A number of studies highlight the struggle to live up to the employability discourse and the sellable self. Fogde (2007, 2008) highlights the experiences of graduate job seekers who struggle to face the task of self-marketing and impression management. Her study illustrates how in order to maintain this a sellable self, the study participants felt constrained to conceal information or ‘work on’ (when possible) certain traits such as shyness and low self-confidence which appeared to clash with the sellable self (Fogde, 2009: 41; Fogde 2011: 73) they were expected to take on. Similarly, Grey’s (1994) study illuminates the struggle of employees to continuously engage with ‘impression-management’. Although Grey (1994) does not refer directly to the notion of employability, his study illustrates the tensions that result from the requirement to demonstrate one’s self as sellable at numerous settings throughout one’s working life, such as the recruitment process, professional examination, rating and appraisal, assessment of performance and in social contexts.

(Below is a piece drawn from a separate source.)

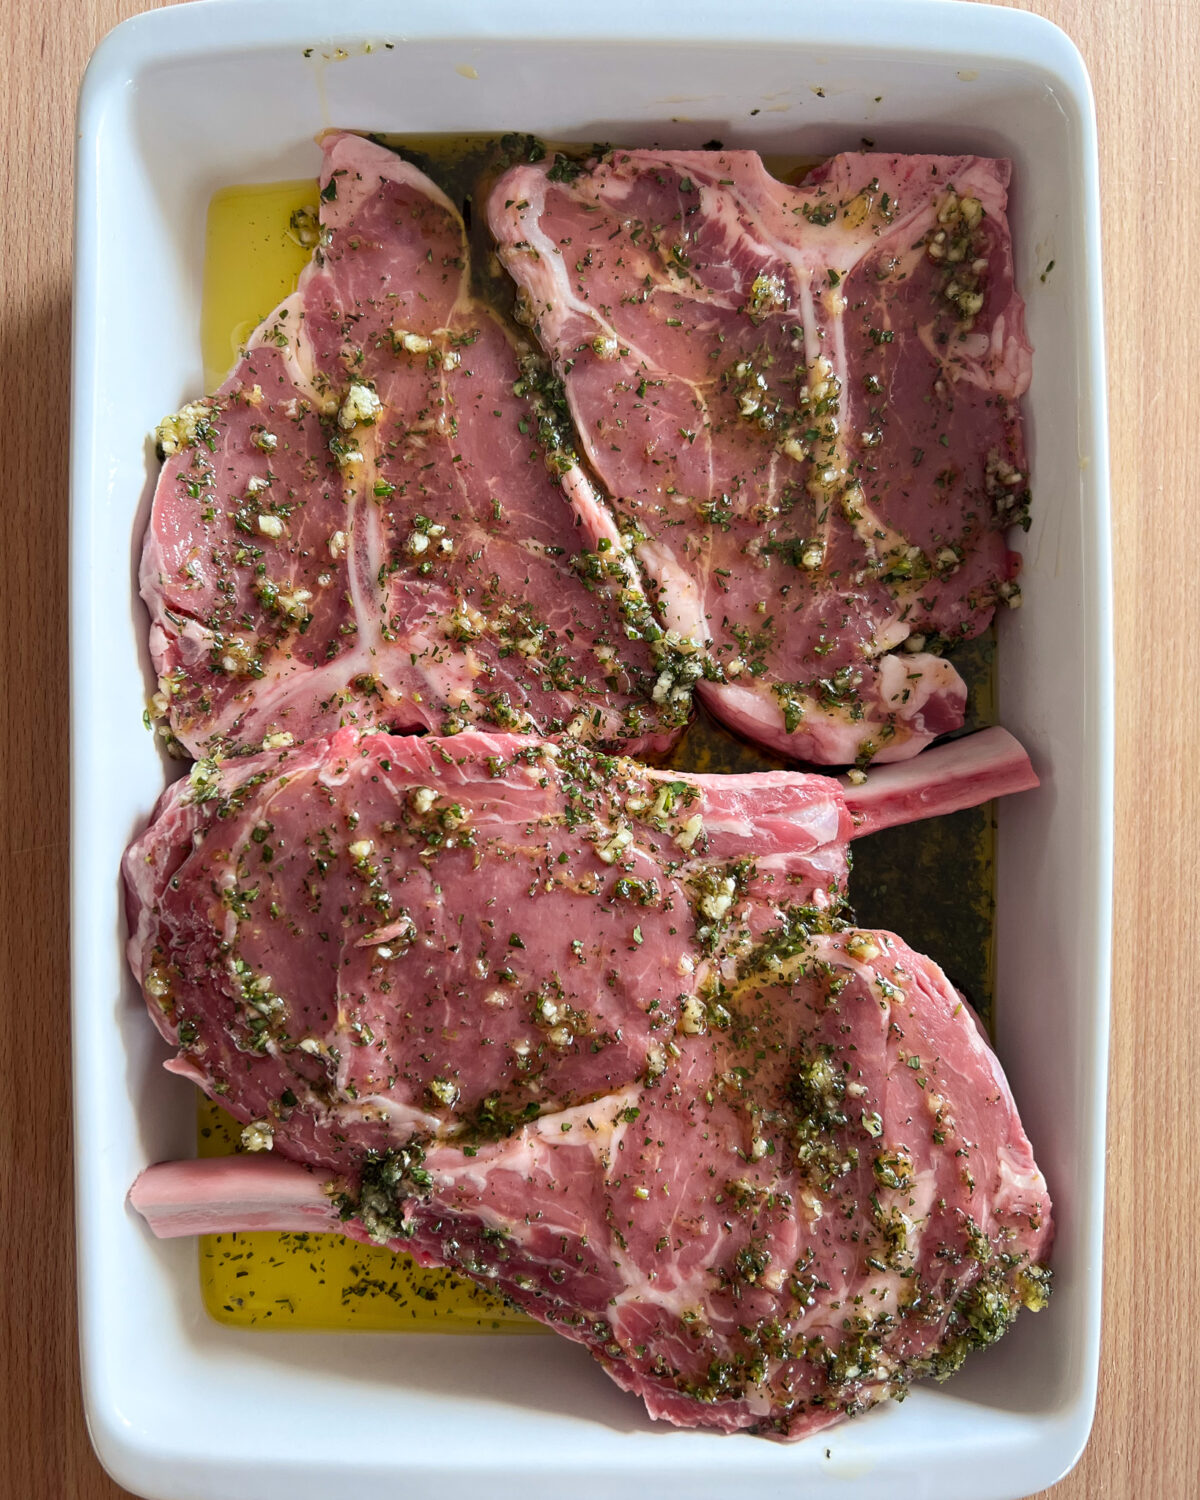 Four veal chops marinating in olive oil, chopped rosemary, chopped thyme, lemon zest, and garlic.

Overall, it is suggested from the literature that there could be a number of characteristics, traits or information that may not fit into the ideal of the sellable self. Amongst others, these can include traits such as ‘shyness’ (Fogde, 2007), long-term illness (Charmaz, 1991), age (Fineman, 2011), race (Miles, 1989), religion (Dawkins, 2003), sexuality (Ward and Witstanley, 2003, 2005), disabilities (Holmqvist, 2008; Riessman, 2003), or any performance-related issue (Grey, 1994). As such, presenting certain information or traits that do not fit into the sellable self can be broad and varied and could have many implications for one’s employability and thus the decision as for what to reveal about oneself at work can become crucial (Sharone, 2007).
Not revealing information about oneself in employment settings can help to maintain employability by demonstrating a semblance of the sellable self or, in other words, a sellable semblance. However, this can also be constraining, leading to a struggle over hiding characteristics of oneself when at work, and potentially associated with a sense of pretence (Sharone, 2007). Concealing can also be related to a difficulty to build close relationships with colleagues, be open at work, and even the ability to do the work itself. In the context of health conditions, not revealing information about one’s illness at work can have more intensified implications. The dilemma of revealing or concealing in this context is extremely important for one’s employability and can have an impact on both health situations and employment circumstances (Beatty and Kirby, 2006).
For people with an ongoing health condition, the protection of equality legislation could be gained only by declaring their condition to their employer. At the same time, this declaration could jeopardize one’s employability and their ability to demonstrate a sellable self. Thus, many of those with invisible health conditions may choose not to reveal it at work (Clair et al. 2005; Beatty and Kirby, 2006), maintaining a sellable semblance. Not revealing, however, may also be consuming. It may involve ongoing efforts to manage information, and the preoccupation, anxiety and a feeling of pretence that may be associated with hiding (Smart and Wegner, 2000). Concealing can also have health implications which may then be linked to performance at work. Thus the dilemma over declaring or concealing at work is complex. It may also involve a wider set of considerations over the question of what to say, how much to display; when, where and to whom (Goffman, 1968).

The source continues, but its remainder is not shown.